Папоротниковые деревья стояли неподвижными источниками тени, в которой прятались венерианцы и туристы. Юнги в это влажное пекло выходить не собирался. Венера ему когда-то не понравилась с первого взгляда и, кажется, это была взаимная неприязнь. Хосок же планету просто обожал: начиная от её усаженных хвощами и плаунами улочек и до разросшихся тропических лесов вокруг курорта.
Хосоку было, кажется, четыре, когда он впервые узнал, что космос – это не просто совокупность звезд в небе. Отец, придя с работы, принес ему его первую книгу про галактики, туманности, квазары и пульсары. Хосок благоговейно принял ее обеими руками в коридоре. На обложке был изображен какой-то мужчина с благородным лицом на фоне планет. От книги исходил холод улицы, как и от отца, который еще не успел снять тяжелый меховой тулуп, и сейчас смотрел на Хосока со слабо скрываемым одобрением.
Отцовское одобрение – это то, чего Хосок, как и любой другой мальчик, хотел получить. Было в этой книжке что-то особенное, но эта особенность исходила не из нее самой, не из информации, содержащейся на страницах, а из того посыла, с которым она была подарена, и из того чувства, с которым ее приняли.

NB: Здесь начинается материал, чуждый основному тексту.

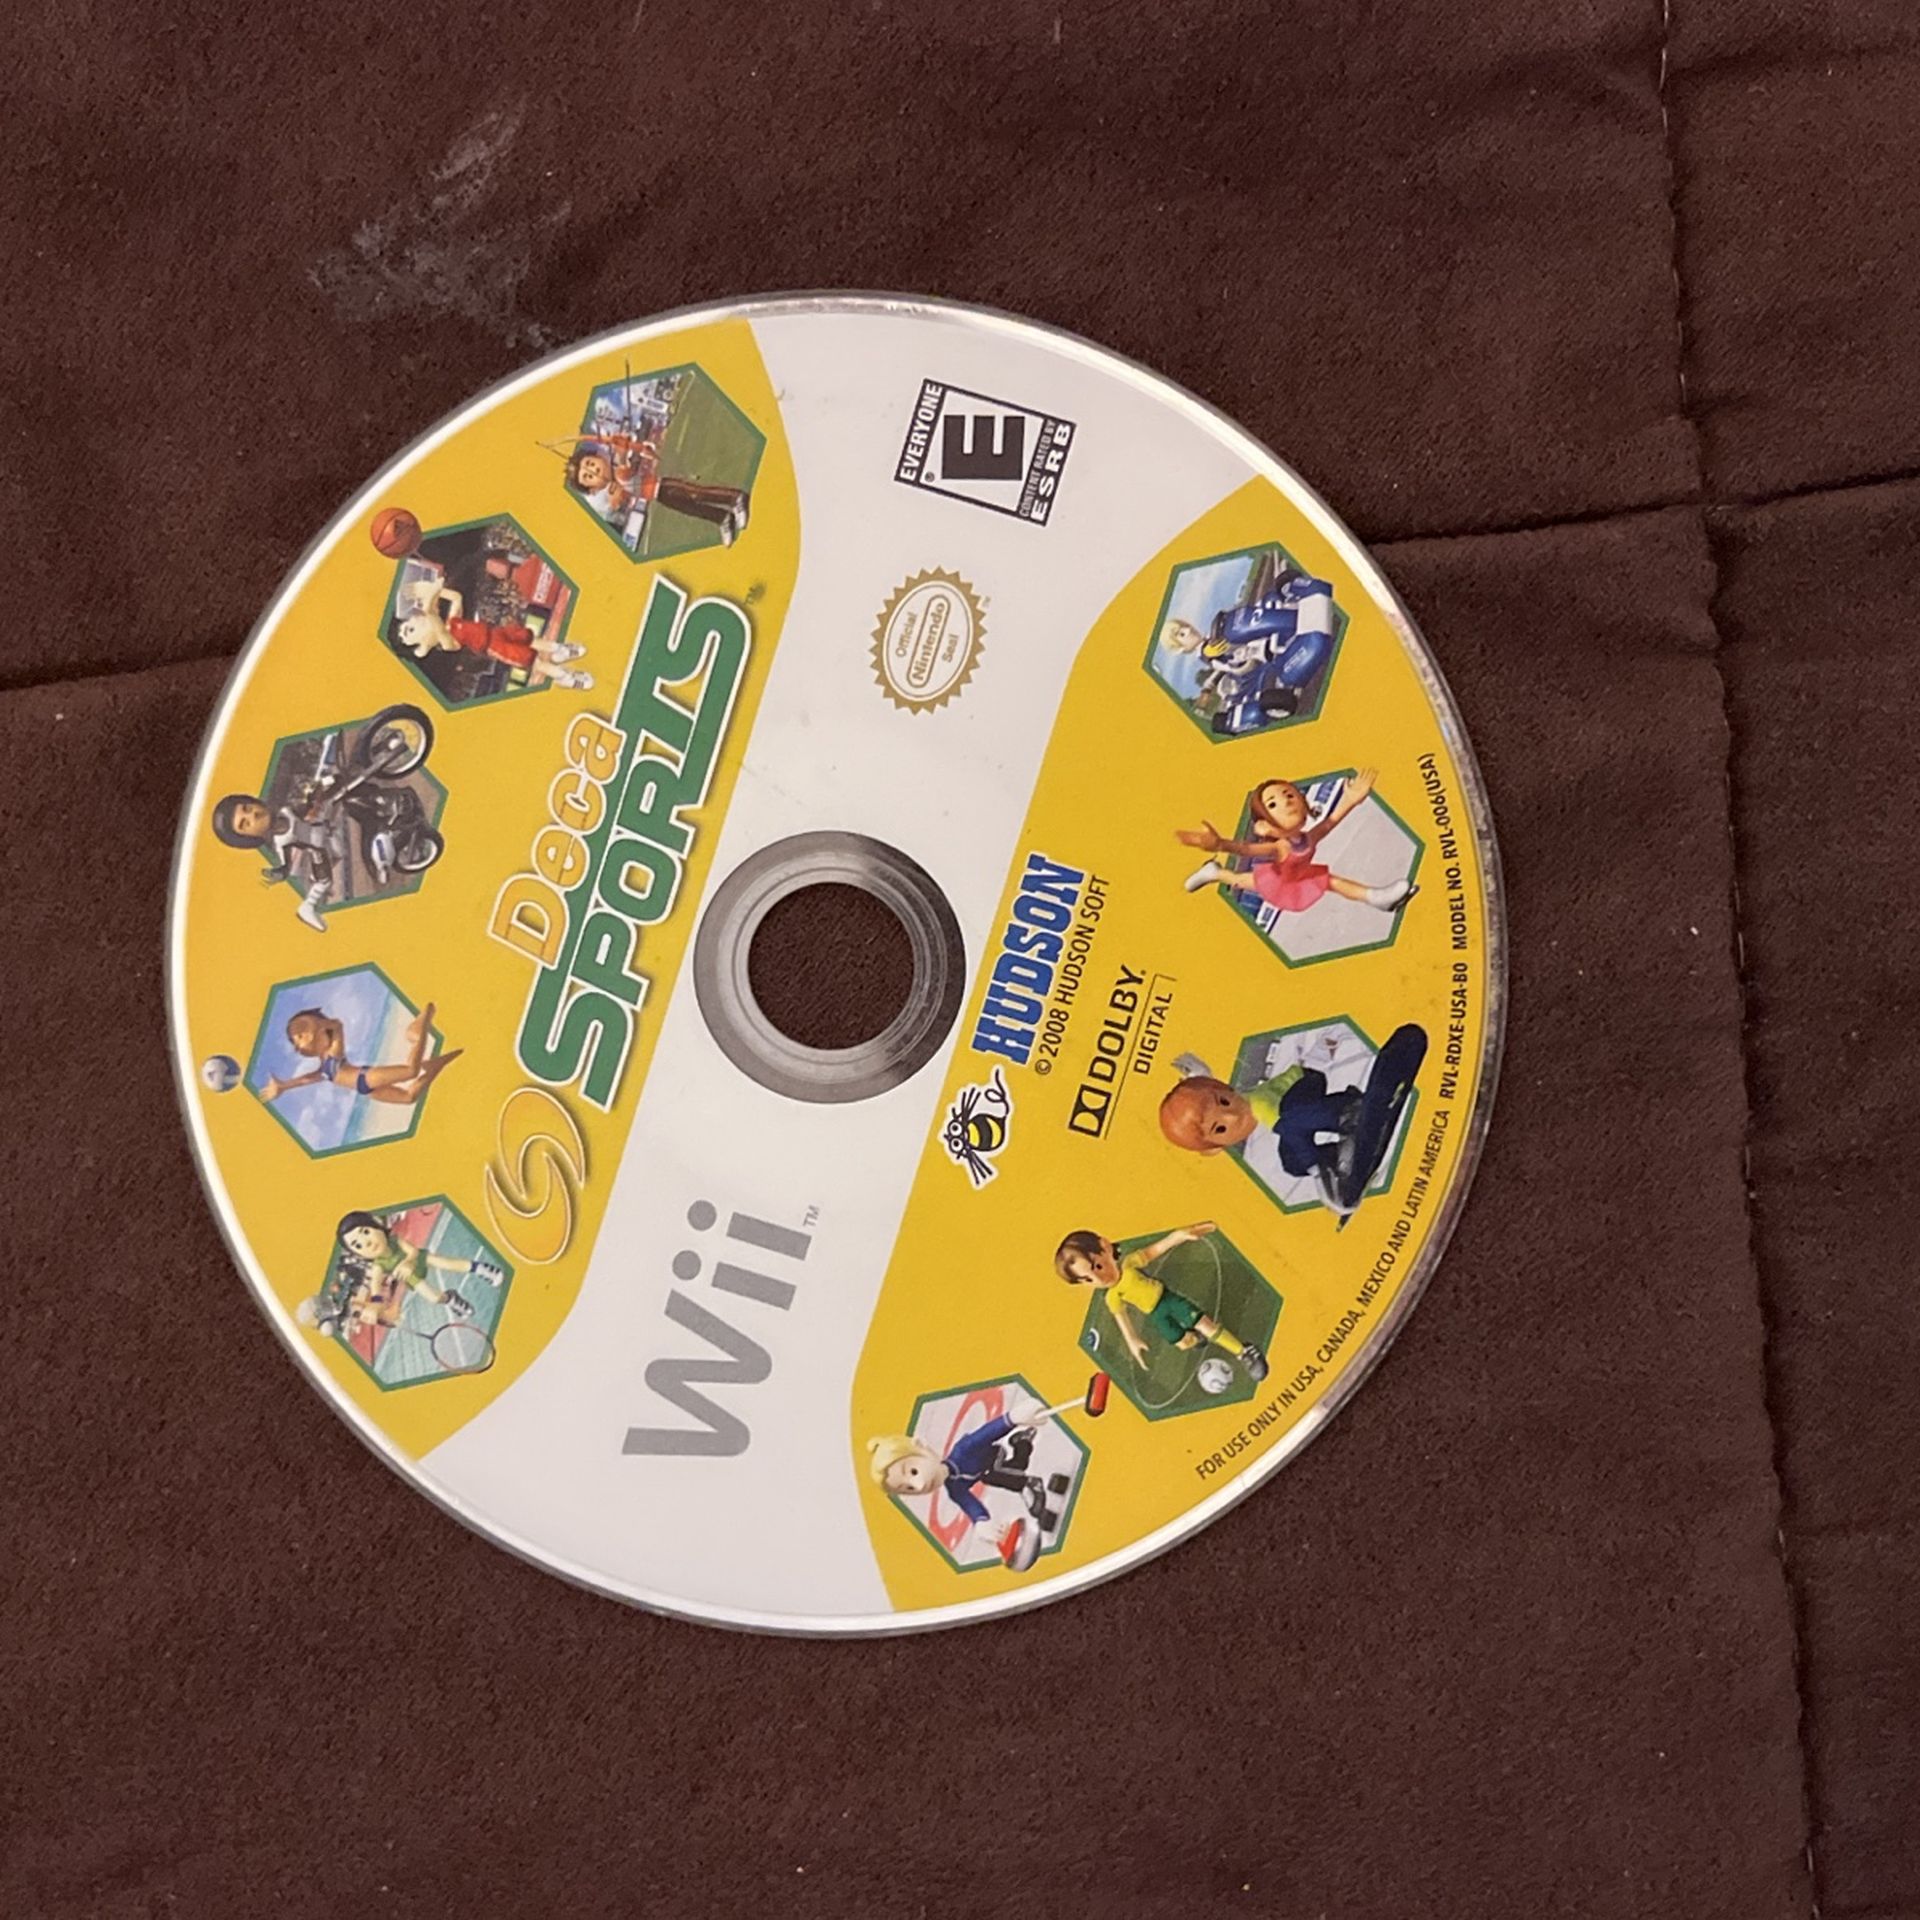 Deca Sports Wii
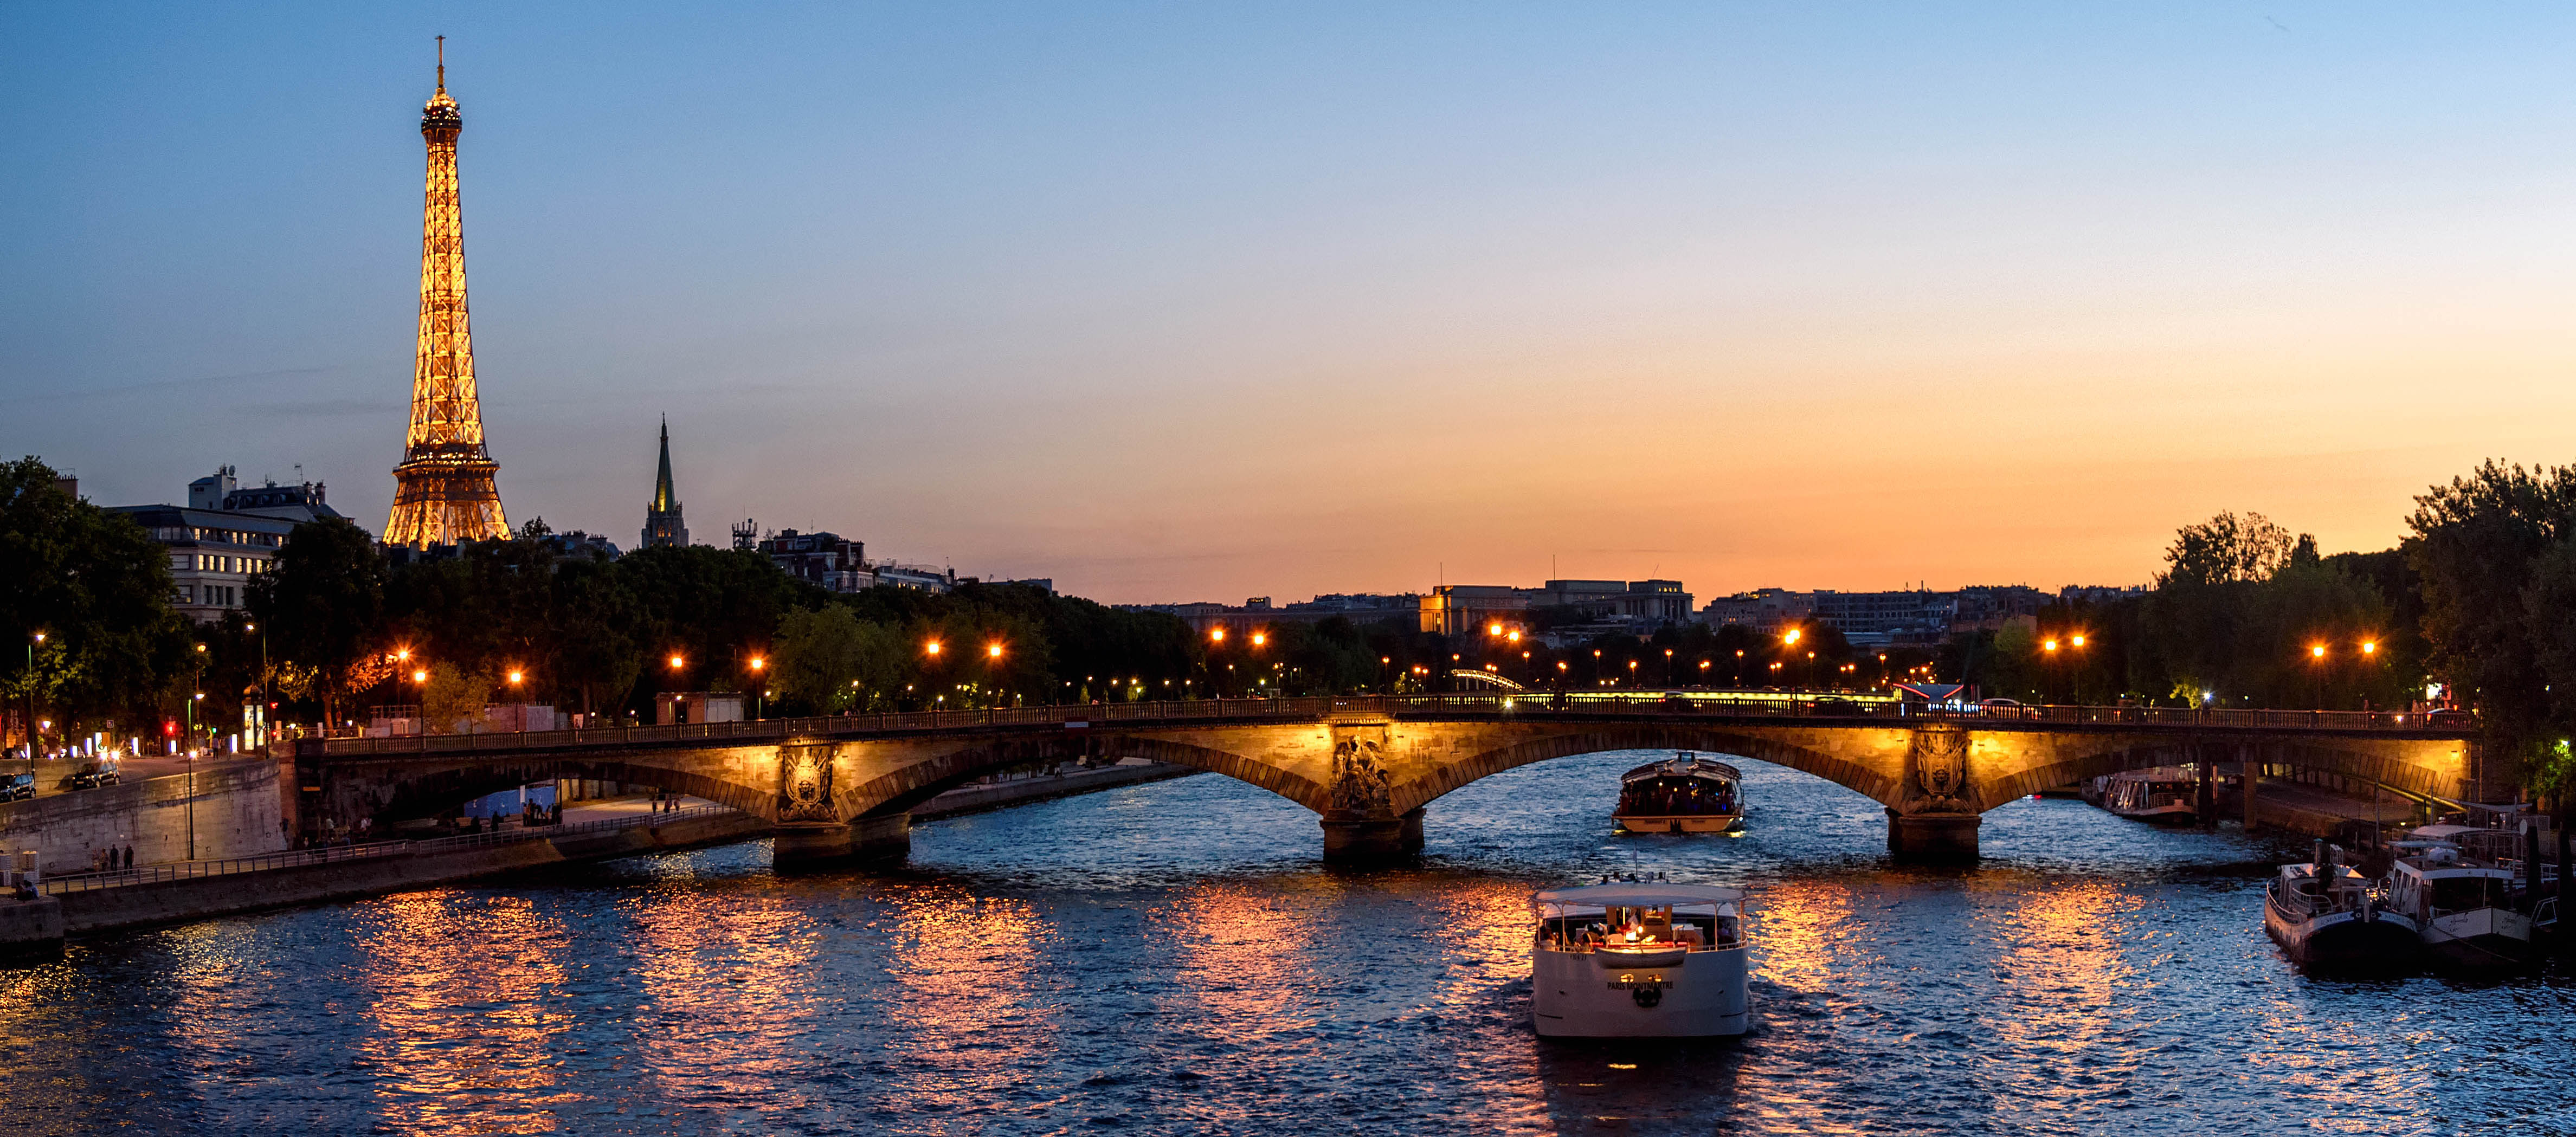 Какая река сена. Эйфелева башня река сена. Париж. Эйфелева башня, река сена. Река сена во Франции. Река сена в Париже.

И даже если мечта стать пилотом принадлежала не Хосоку, а его отцу, то впредь это было неважно, потому что дети – это отражение их родителей. Хосок принял чужую мечту за свою, и с этого момента его судьба изменилась.
- Эй, - дверь в рубку отворилась, Хосок зашел внутрь, - как насчет покататься на лайнере до конца сезона?
- Нам хорошо заплатят? – спросил Юнги меркантильно, но на самом деле деньги для него не играли никакой роли. Важен был только Хосок.
- По две сотни венерианской валюты каждому за экипаж.
- Неплохо.
- Завтра утром придут механики. Проведут технический осмотр. И если все в порядке, то вылет запланирован на следующий день. Отвечая на твой непроизнесенный вопрос, они придут утром, потому что мы пятнадцатые в очереди, - Хосок заметил, что Юнги неотрывно смотрит в небольшое окно, - хочешь туда?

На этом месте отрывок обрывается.